4.2.3. Noise Corruption
The recognition performance of the proposed method under noise interference conditions is investigated by adding different degrees of Gaussian white noise to the test samples in Table 1. The specific noise adding process can be found in [17]. Figure 5 shows the recognition performance of various methods under noise interference conditions. Among them, the number of viewing angles of the multiview method is set to 3, and the azimuth angle interval is 2°. The method in this paper maintains the highest average recognition rate under each signal-to-noise ratio (SNR), verifying its robustness to noise corruption. Compared with single-view methods, the performance of the three types of multiview methods is better, mainly due to the fact that multiview SAR images can provide more effective information for classification. The method in this paper further improves the robustness of the recognition method against noise interference by carefully examining the independence and correlation of multiview SAR images.

5. Conclusion
This paper proposes a multiview SAR target recognition method. For the multiple views involved in decision-making, their inner correlations are first analyzed based on image correlation and NCIE. Several view sets with strong internal correlations are obtained. Then, the joint sparse representation is used to investigate the internal association of the SAR images in each view set.
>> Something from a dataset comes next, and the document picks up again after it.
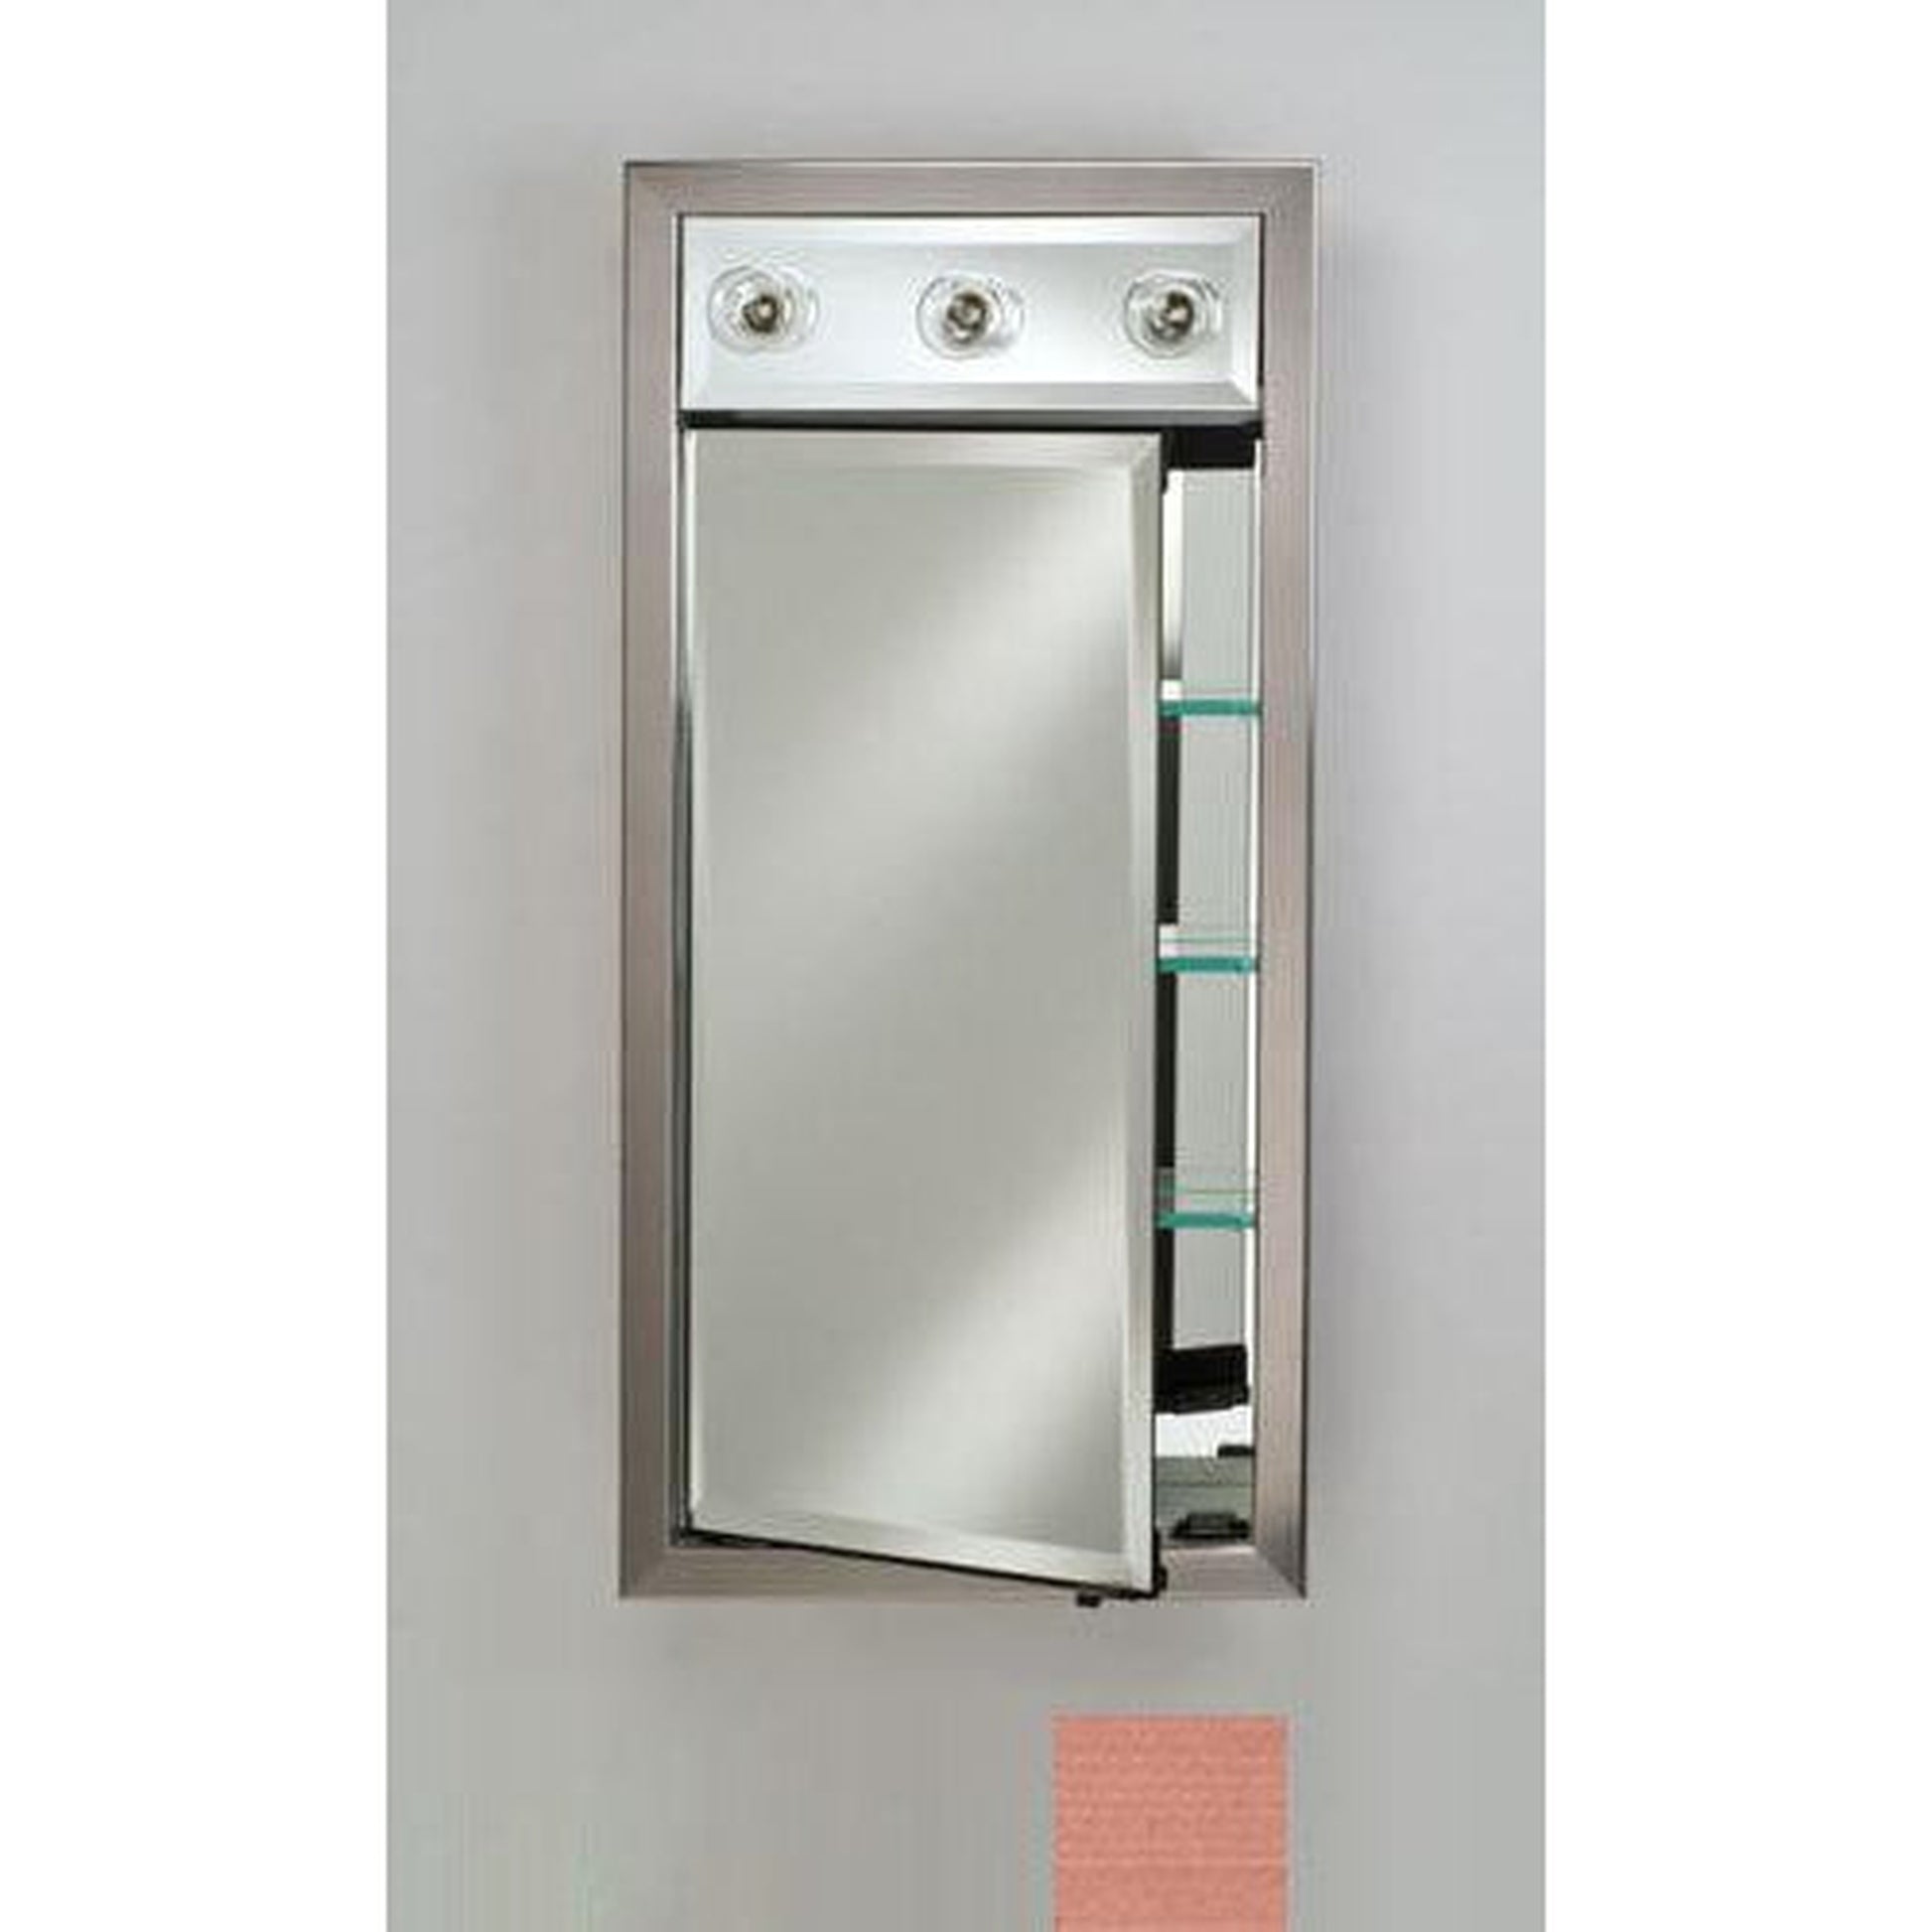 Afina Signature 17" x 30" Soho Brushed Bronze Recessed Right Hinged Single Door Medicine Cabinet With Contemporary Lights

Finally, a more robust decision variable is obtained through linear weighted fusion, so as to determine the target label more accurately. The experimental results based on the MSTAR dataset show that the method in this paper can achieve good recognition performance under a variety of experimental conditions, verifying its effectiveness.
Data Availability
The dataset used to support the findings of the study are obtained from the corresponding author upon request.
Conflicts of Interest
The authors declare no conflicts of interest.
Acknowledgments
This work was supported by the Special Research and Development and Promotion Project of Henan Province, under Grant 212102210492.